4/29/06 - Fishing was horrible!!!! Winds and temp were ungodly! Fished Townsend, Corsons, and back bay with 4 skates to show for it.

Dogg - went to call you and realized I forgot my palm pilot with your digits...I cruised down to the Grassy Bridge but noone was catching. Everywhere we went was dead. Two guys caught a 4lb blue at Townsend but that was it...

-FFM


----------



## rgking03 (Mar 20, 2005)

*Reports 5/7*

Heading to Sandy Hook on Sunday. Let you know how it worked out.

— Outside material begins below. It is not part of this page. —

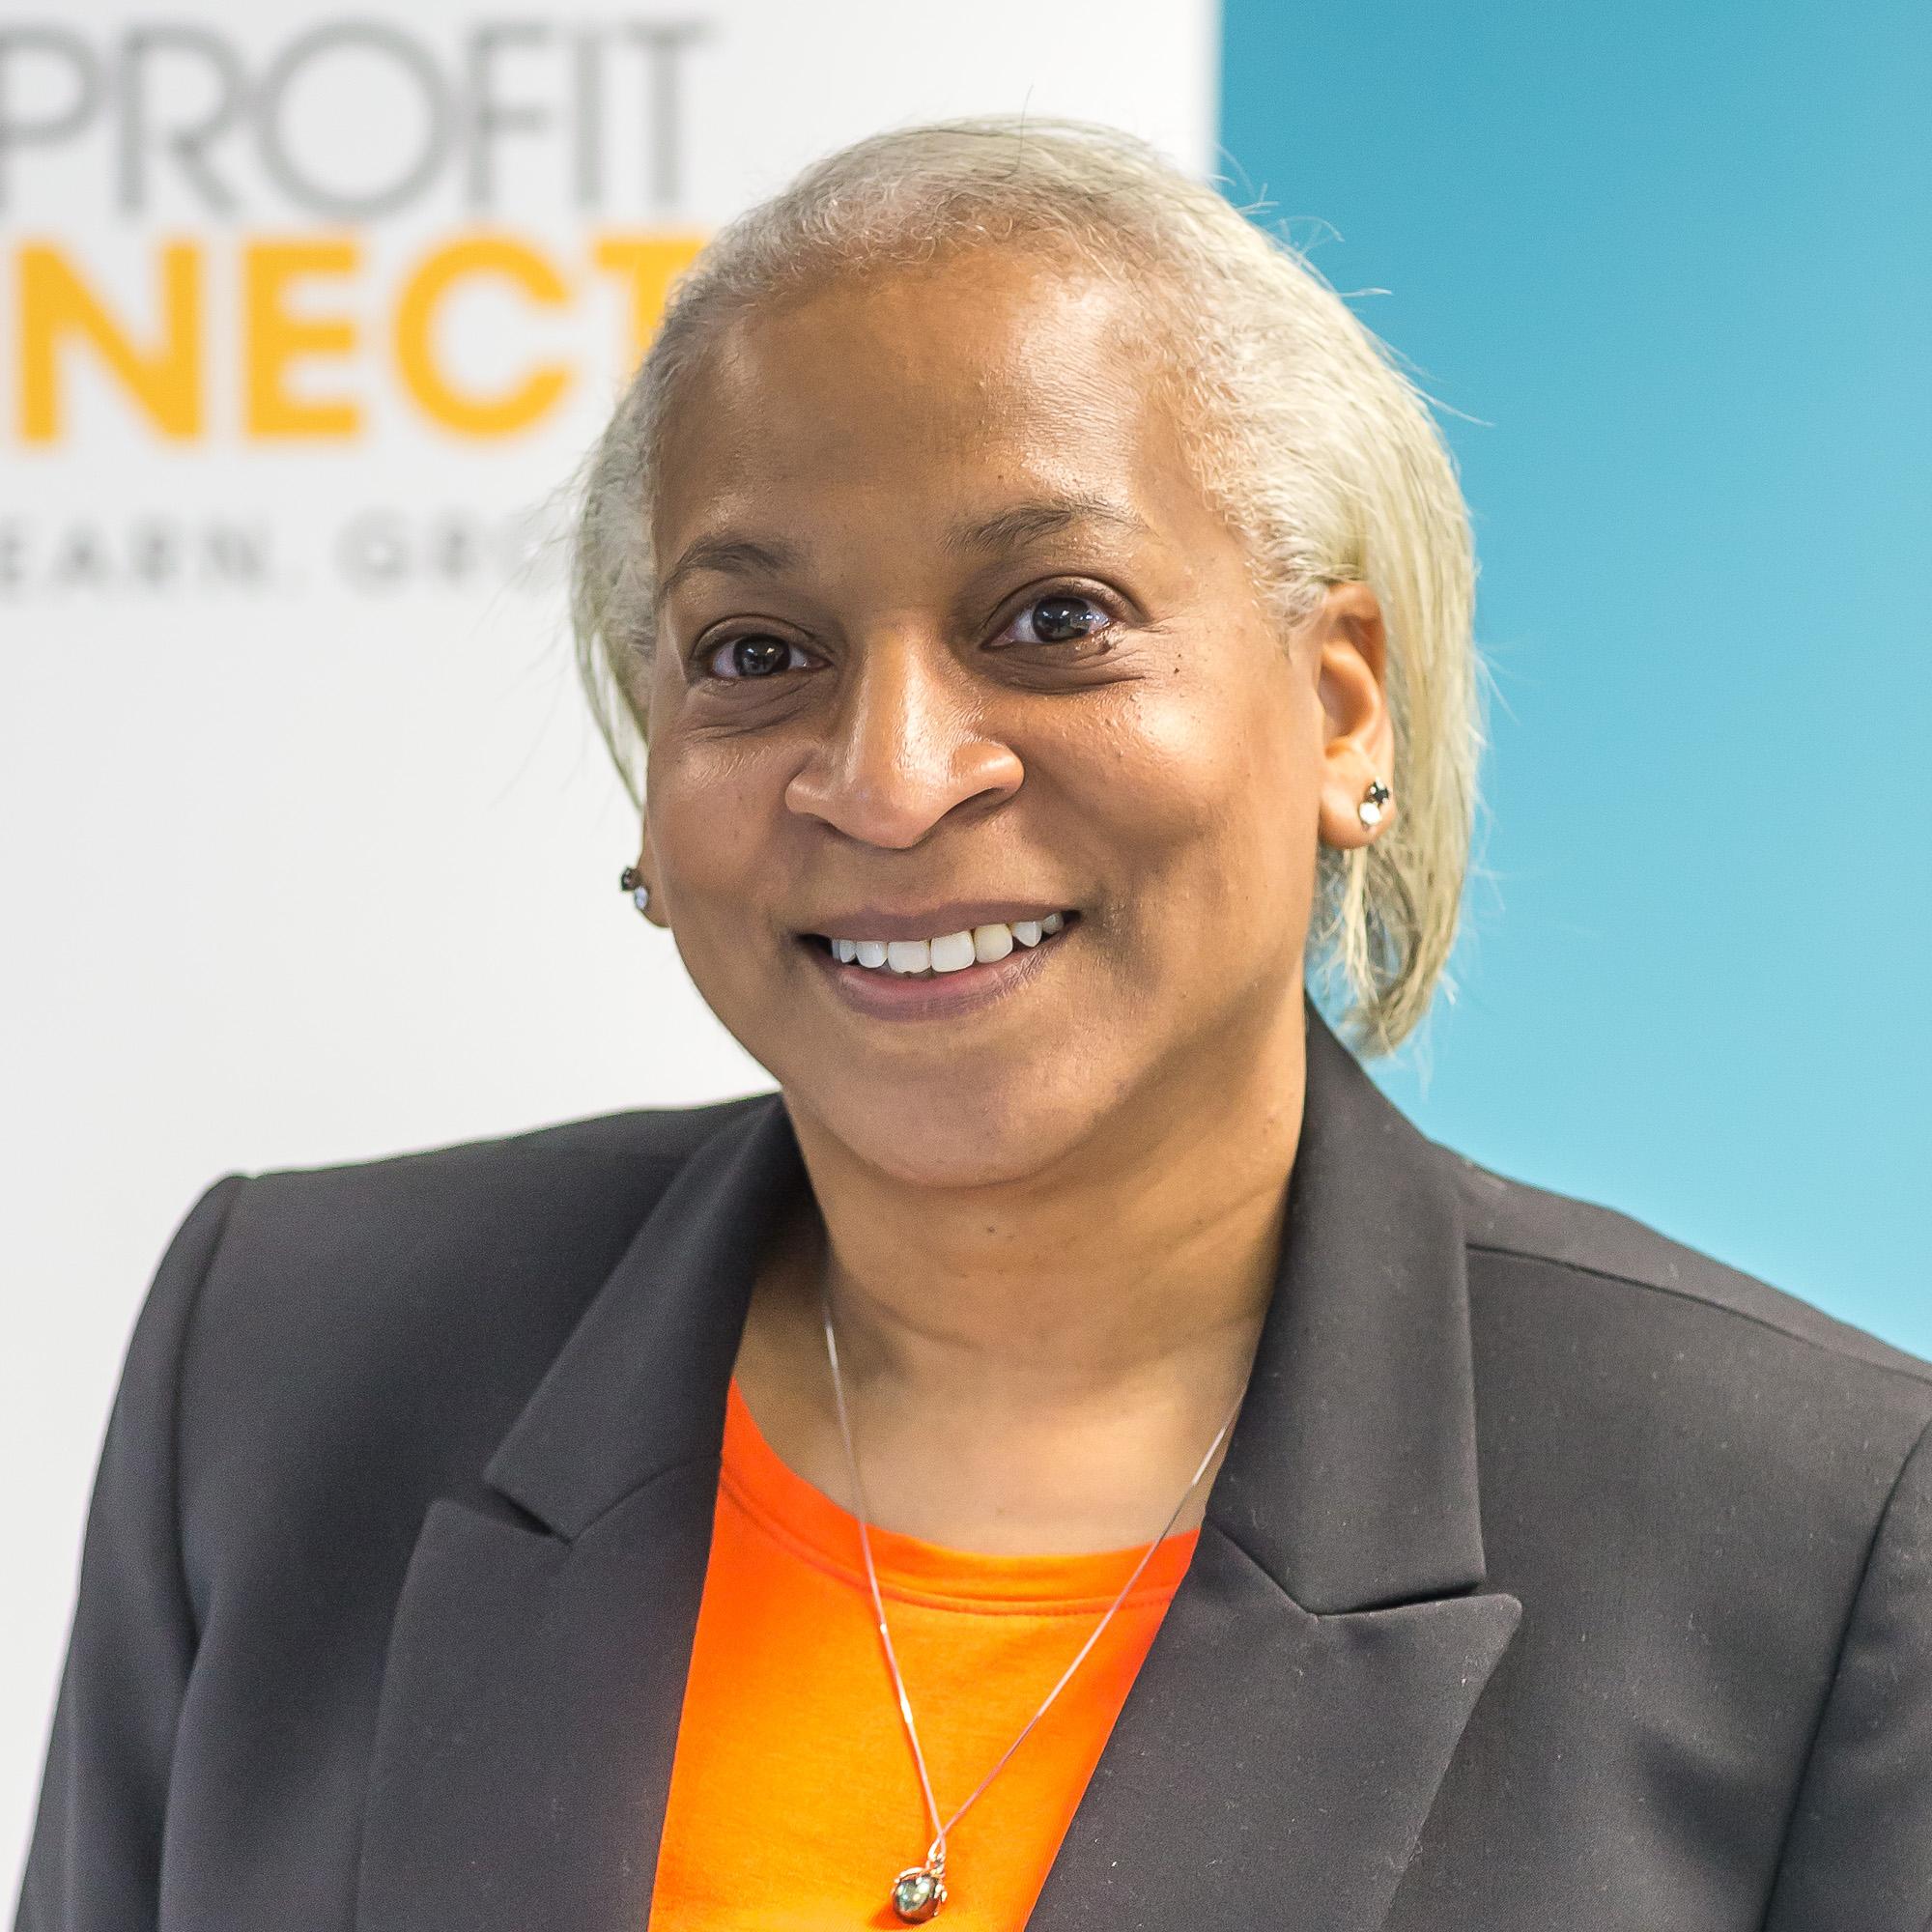 Valerie Nicholson-Watson, Vice President
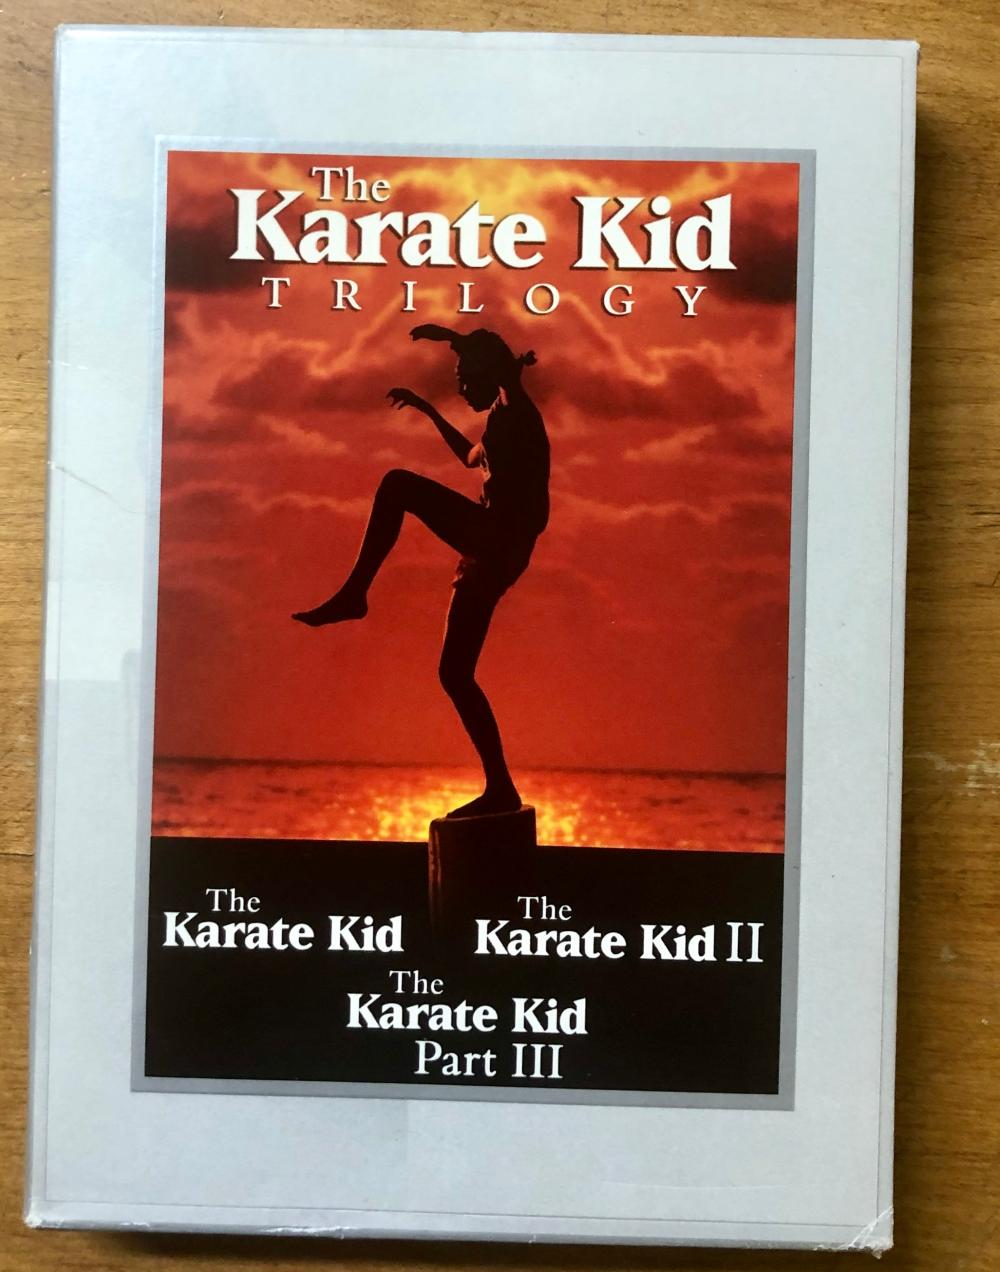 2008 COLUMBIA PICTURES KARATE KID (3) DVD TRILOGY SET

Rudde - I'll be using some of those lures you gave me. I let you know how it is.


Tight Lines
Rich
www.tunawahoo.com


----------



## Sudsrat (Dec 25, 2005)

Fished Wildwood yesterday for an ASAC Tourney.
Skates for me,but there were a few nice stripers caught,one or two kingies and a few blues.


----------



## rgking03 (Mar 20, 2005)

*Report from Sandy Hook on Tunawahoo*

We started out east of Romer and clammed a few big ones there, but the bite died and we trolled down to the area outside of the Cedars, we picked a few more trolling and then clammed more at the 2nd spot with more shorts.We then trolled down towards Shrewsbury picking up a few more big bass. Bottom Line client got personal best, a 35 incher, and his son got a 36 inch We tagged and released 9 shorts and a bunch of blues, we boxed our limit of stripers and took 3 blues too. Capt Adler's best fish of the day was a 32 incher on 4 lb test. A great day on the water! Photos to be posted on tunawahoo.com Open boat next Sunday, call for info. www.tunawahoo.com

Rich


----------



## rgking03 (Mar 20, 2005)

*report*

try to make it out to brigatine this week and will let you guys know how it went.

Rich


----------